Are we facing a breakdown of the post-1945 rules-based order? Ahmet still has hope. Turkey is not done for yet. But, worldwide, authoritarian and identity-focused politics are an ever-more-powerful threat. Europe and America need to take the lead, but is there out there a clearly expressed alternative scenario? Compare the current edition of the Economist on the subject of the Democrats in the USA. The Democrats are strong on race and gender issues, but what is their position on the America First agenda, resentments toward the rest of the world, trade with China, blue collar jobs, immigration – the agenda which helped Trump win the election? How can the Democrats regain some of that support which went to Trump?
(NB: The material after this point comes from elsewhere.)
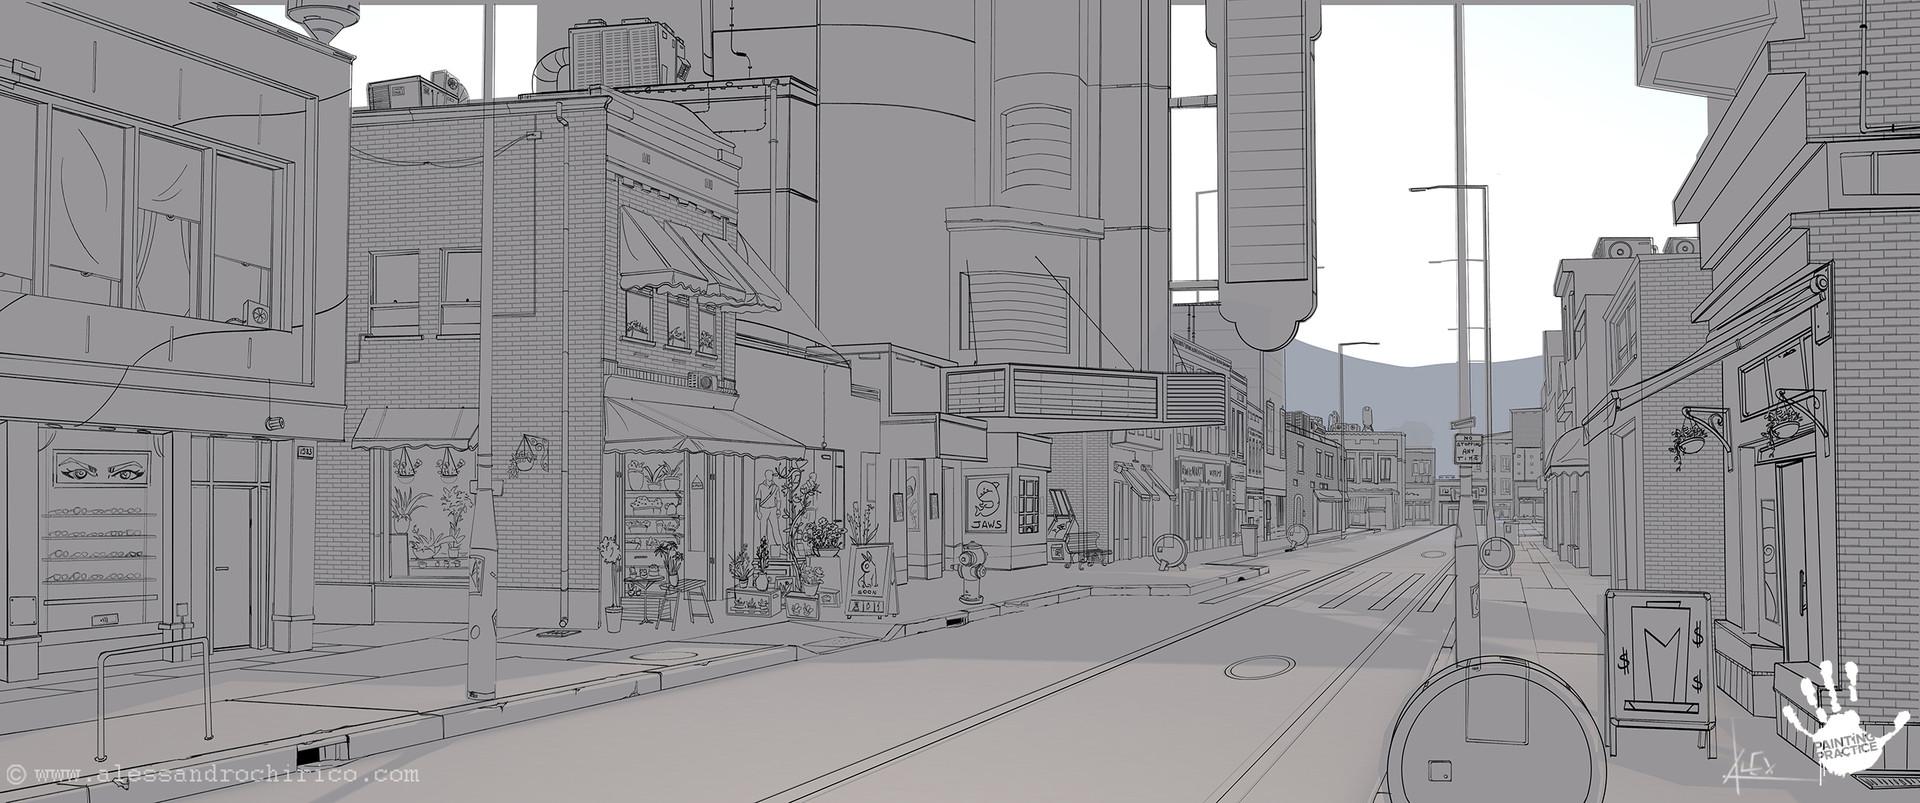 Alessandro chirico 01 street layout alessandro chirico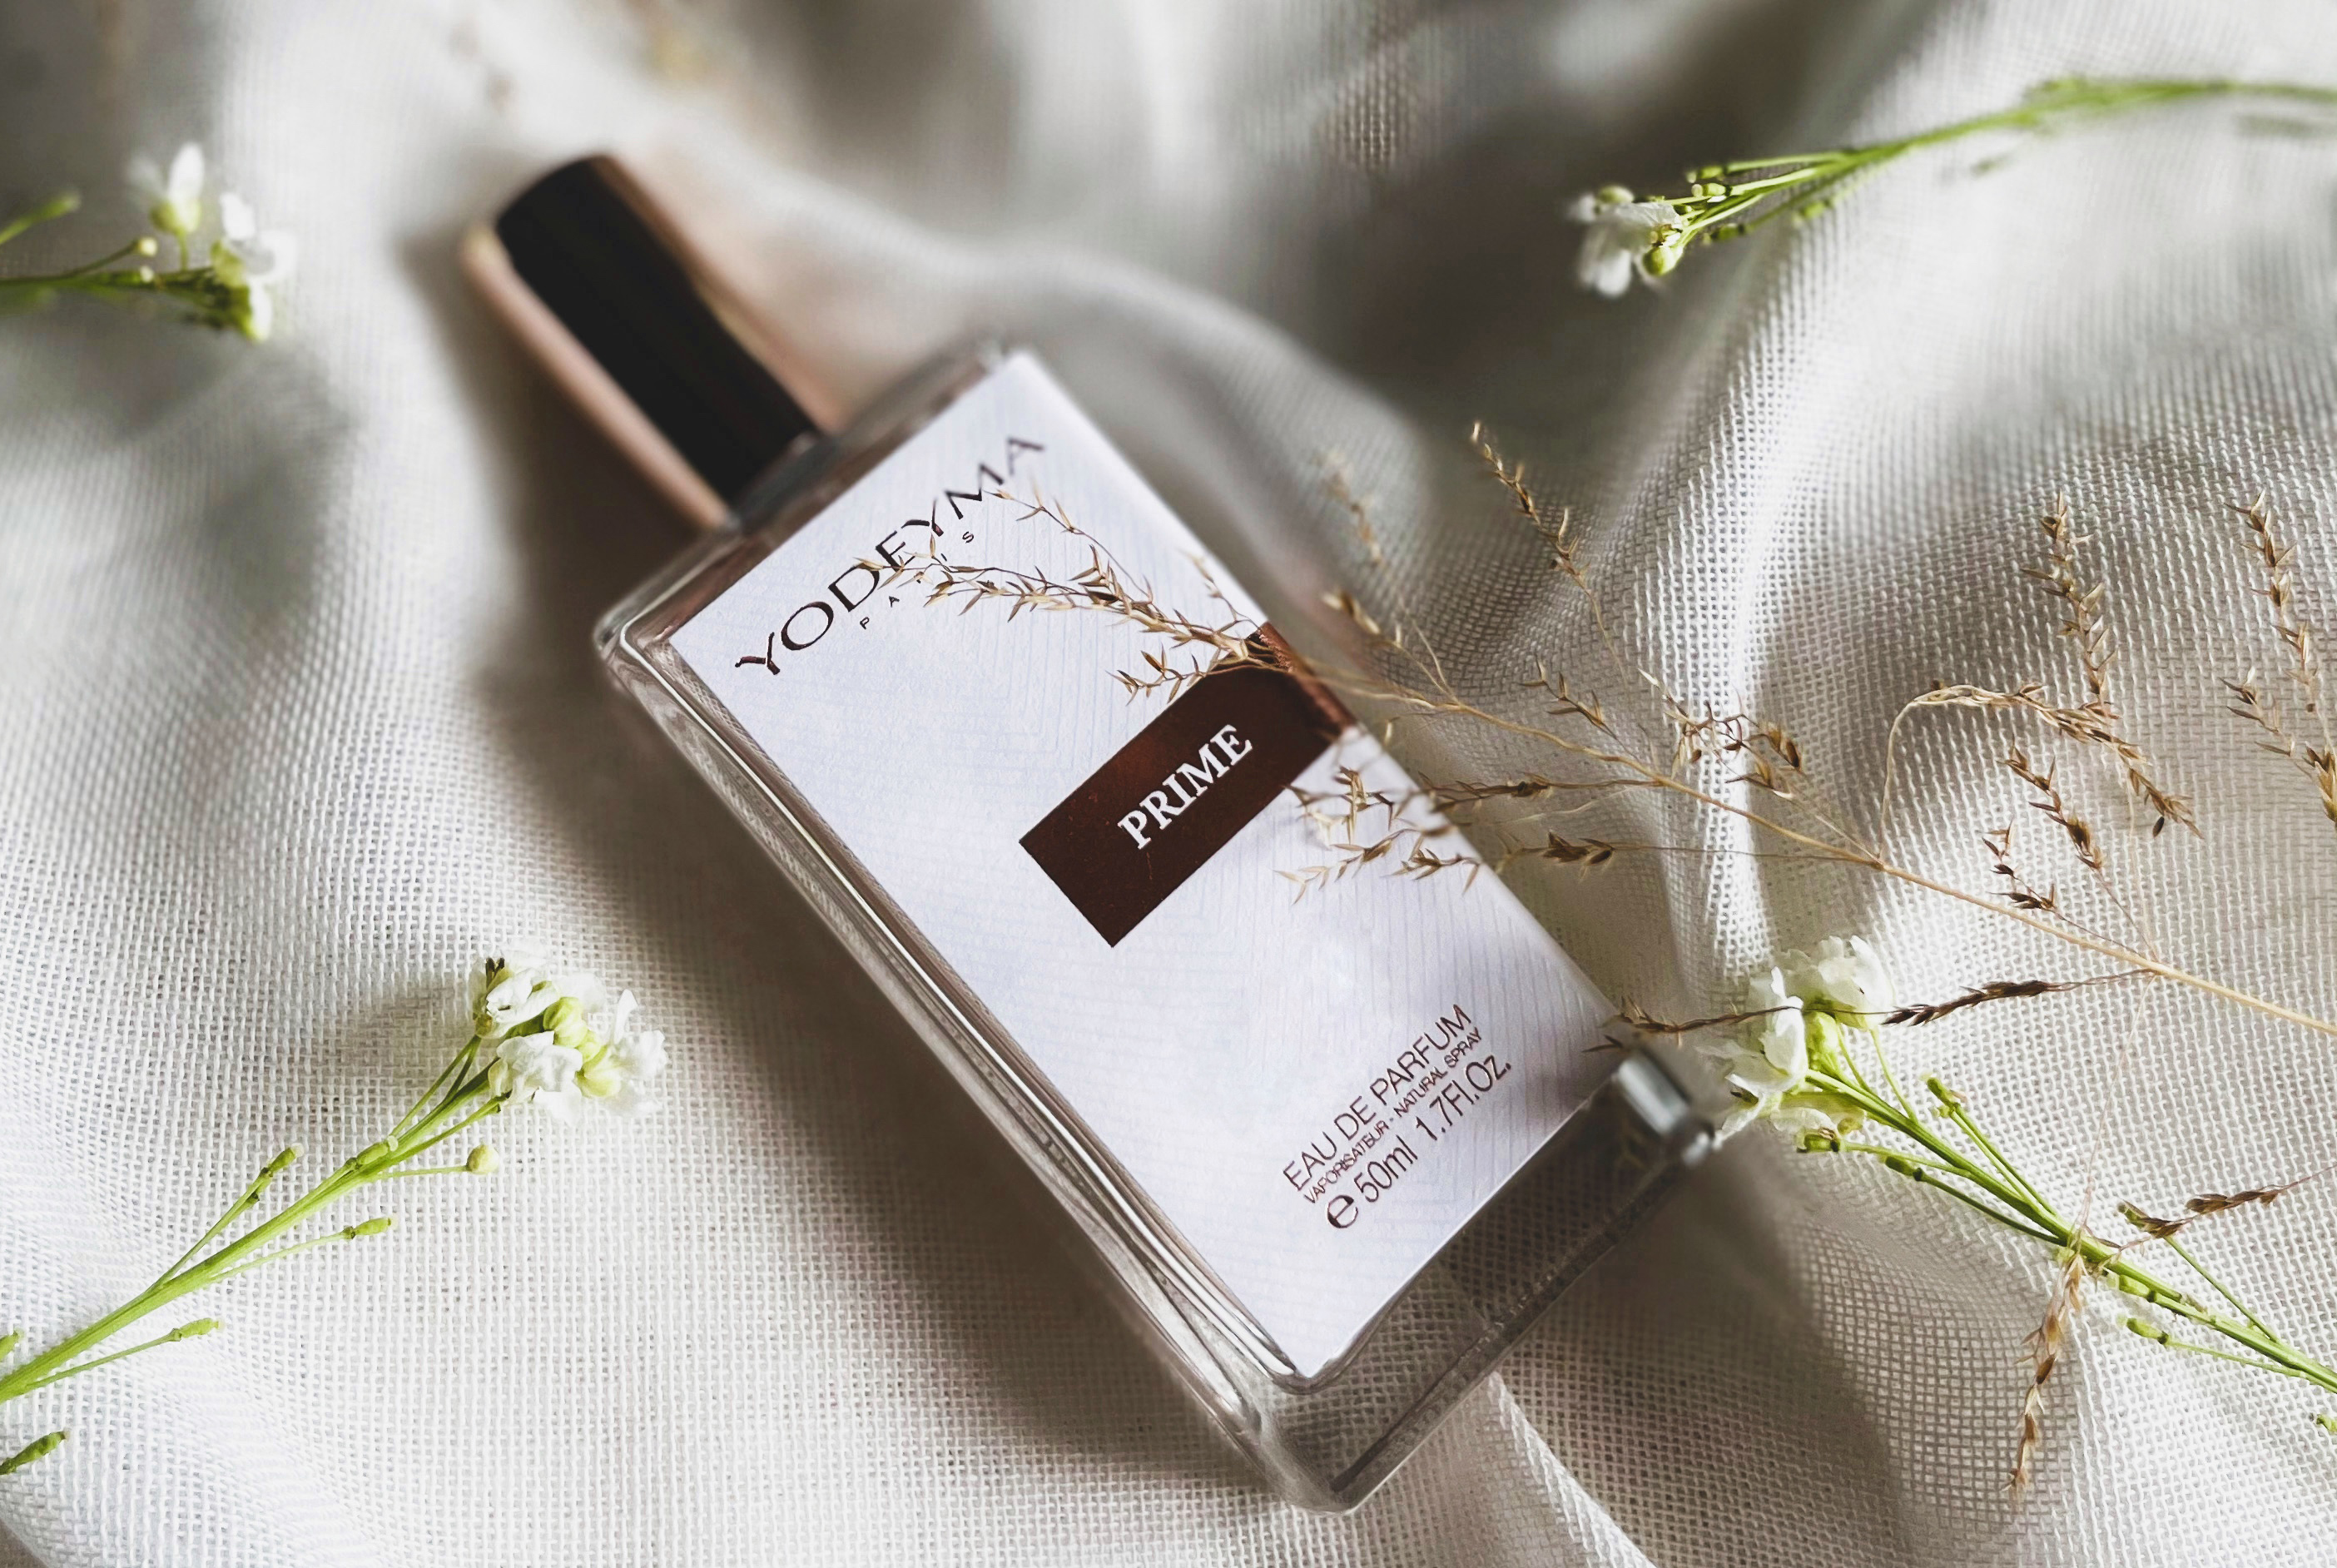 Objavte jedinečné kombinácie Yodeyma vôní

How shallow is the support for Trump? Salman Rushdie in an interview later in the day at Hay recalled addressing a meeting in Florida recently. They were mostly Republicans, but they were civilised and courteous. ‘Didn’t he agree that the New York Times was simply telling lies?’ No. ‘The evidence for climate change is simply not there.’ But it is, argued Rushdie. ‘Where’s the evidence?’ he’s asked. His answer – just because you believe the world is flat, doesn’t mean that it is flat – it will still be round.  

Sands received a standing ovation at the end of his talk. Maybe from two-thirds of the audience. His talk was one hour long, no time for questions. Applause lasted at least a minute – maybe more like ninety seconds – I’ve never known anything like it at Hay.

And yet – for a couple chatting next to me as I left – ‘it didn’t seem to be going anywhere,’ he argued, though it did have a clearer focus at end. His partner agreed. Yes, Sands does range widely – but he never loses coherence.  It’s funny how what might seem heroic to me might be a matter of a shrug and indifference to others.